WHAT THIS TASK INVOLVES
As written and without pictures, set down the lines from the one that contains "The Golden Lion" through the end of the data.

SOURCE DATA
=== Begin Enclosure ===
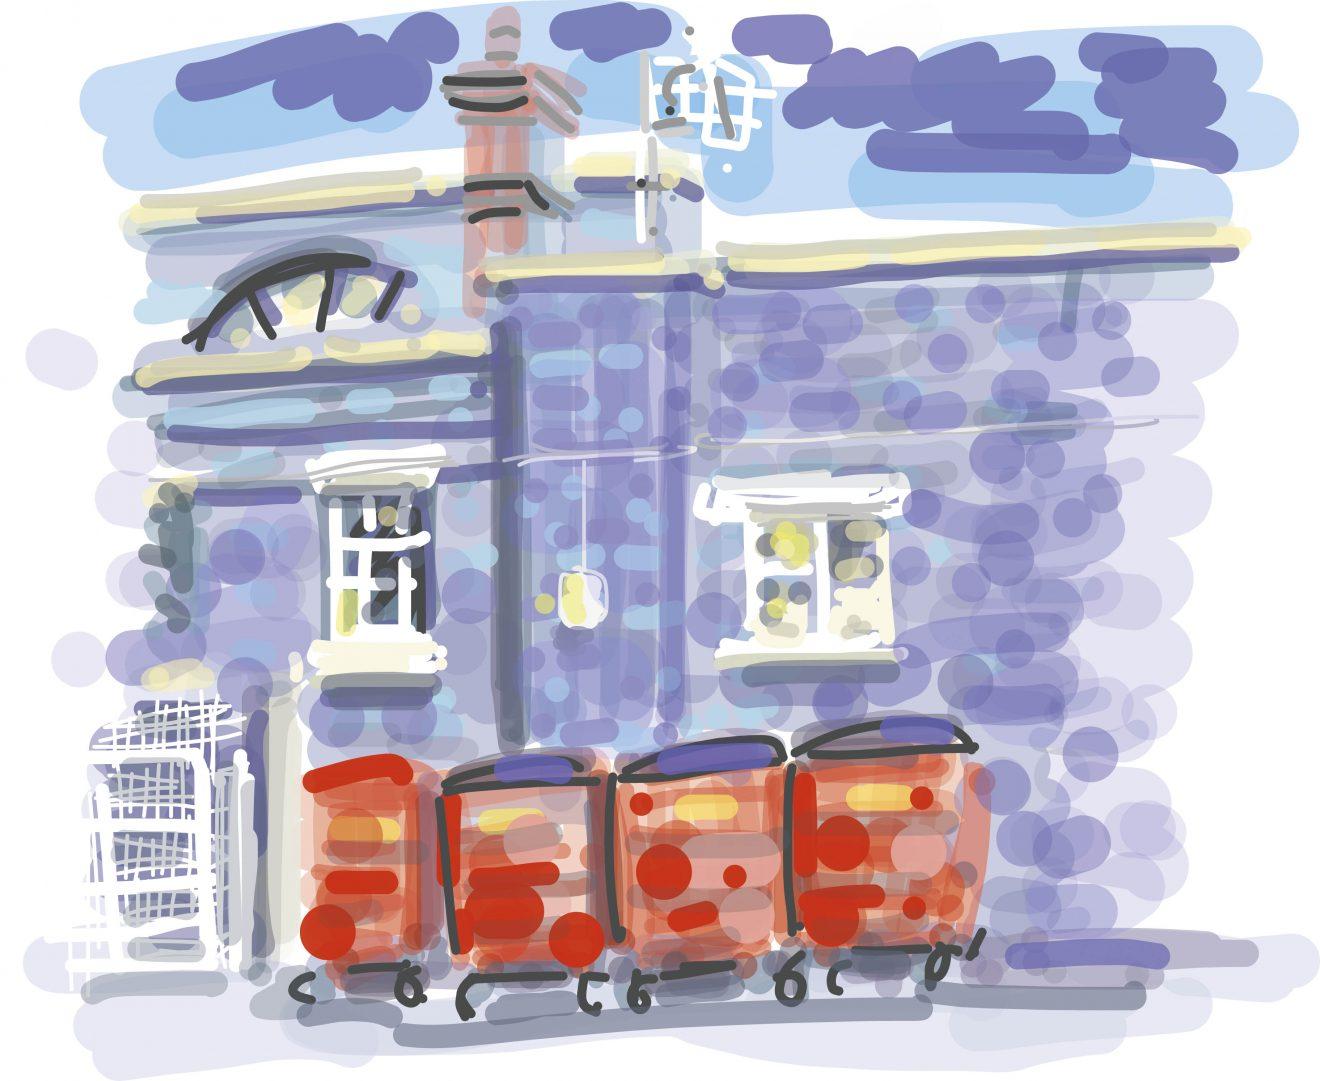 Worcester-Shrub-Hill-Station
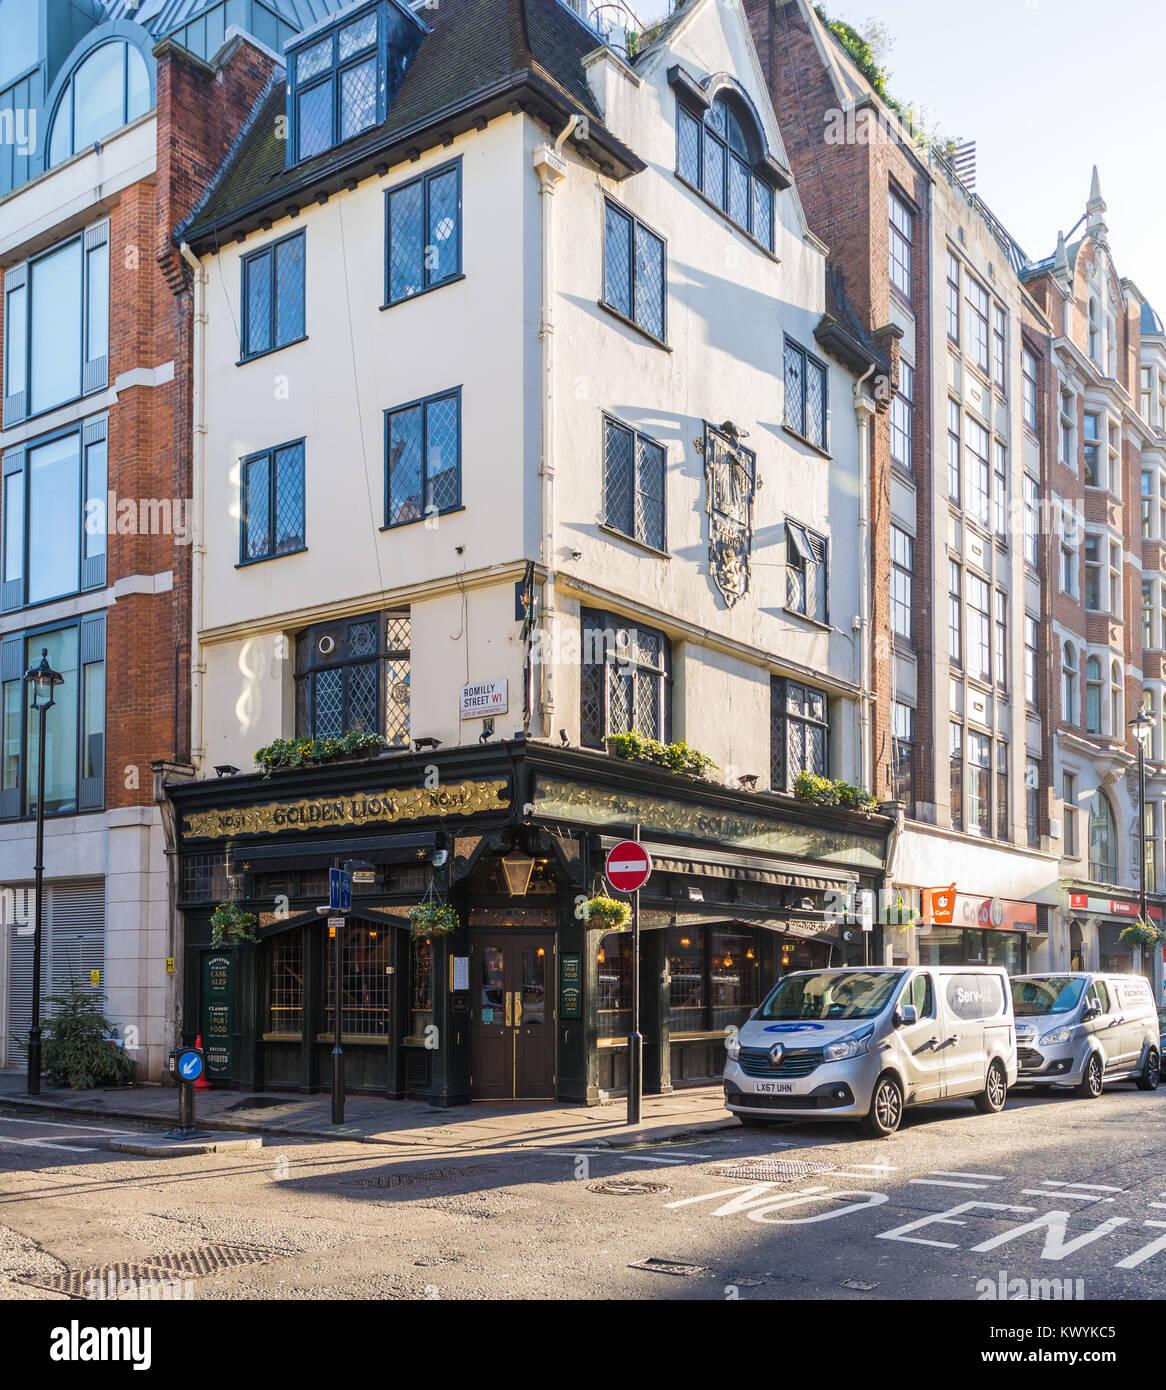 The Golden Lion pub in Dean Street, Soho, London, England, UK. - Stock Image
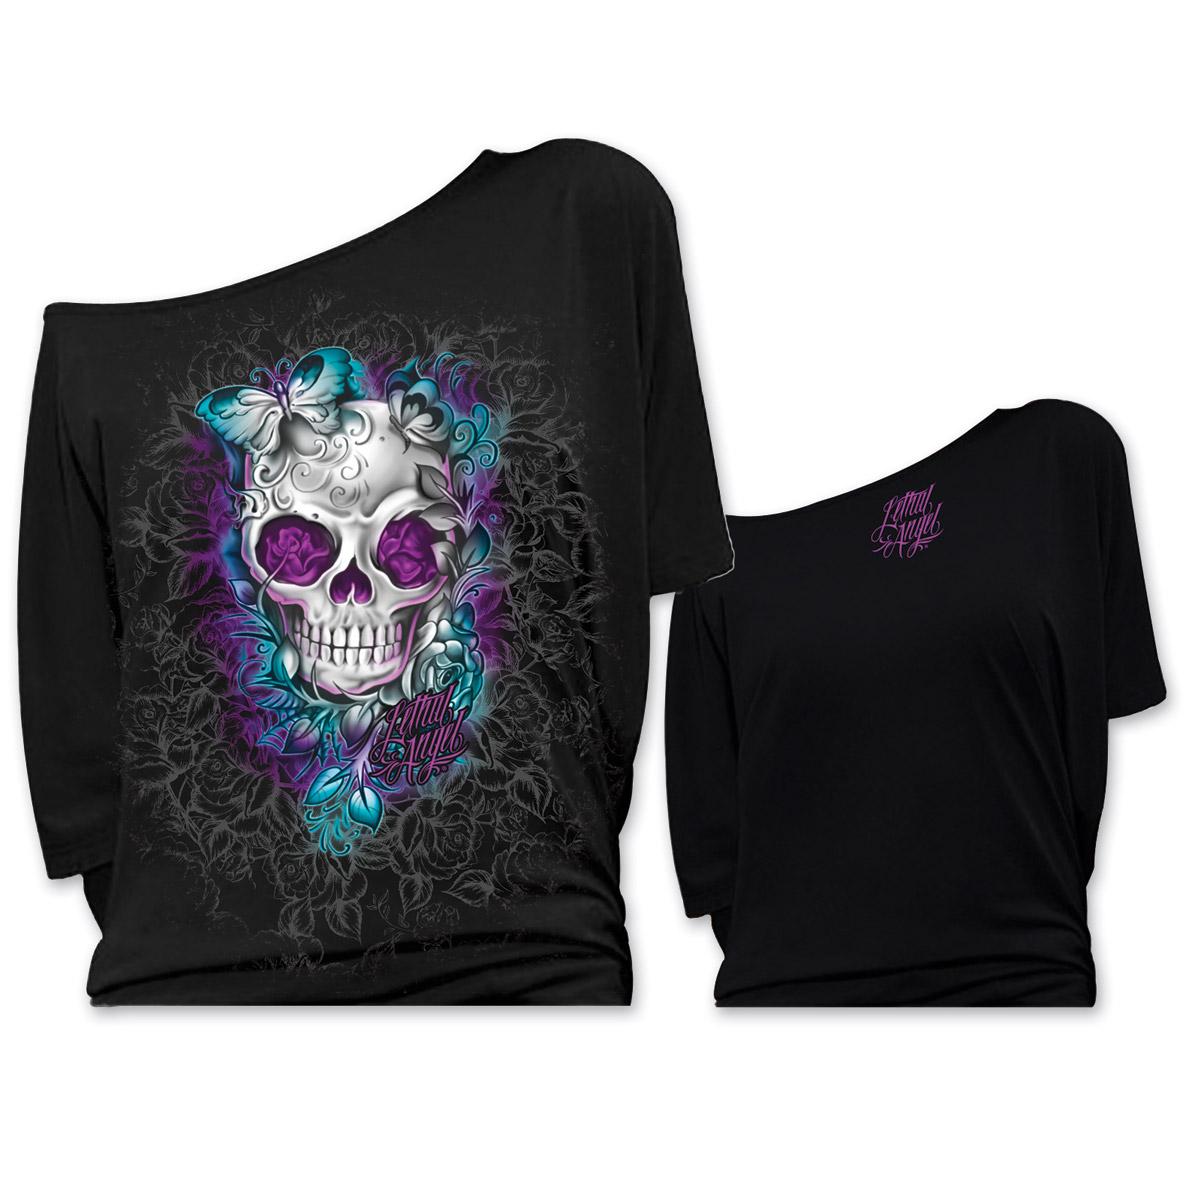 Lethal Angel Women's Butterfly Skull Off The Shoulder Black T-Shirt
=== End Enclosure ===
EXERCISE RESULT
 The Golden Lion pub in Dean Street, Soho, London, England, UK. - Stock Image
 Lethal Angel Women's Butterfly Skull Off The Shoulder Black T-Shirt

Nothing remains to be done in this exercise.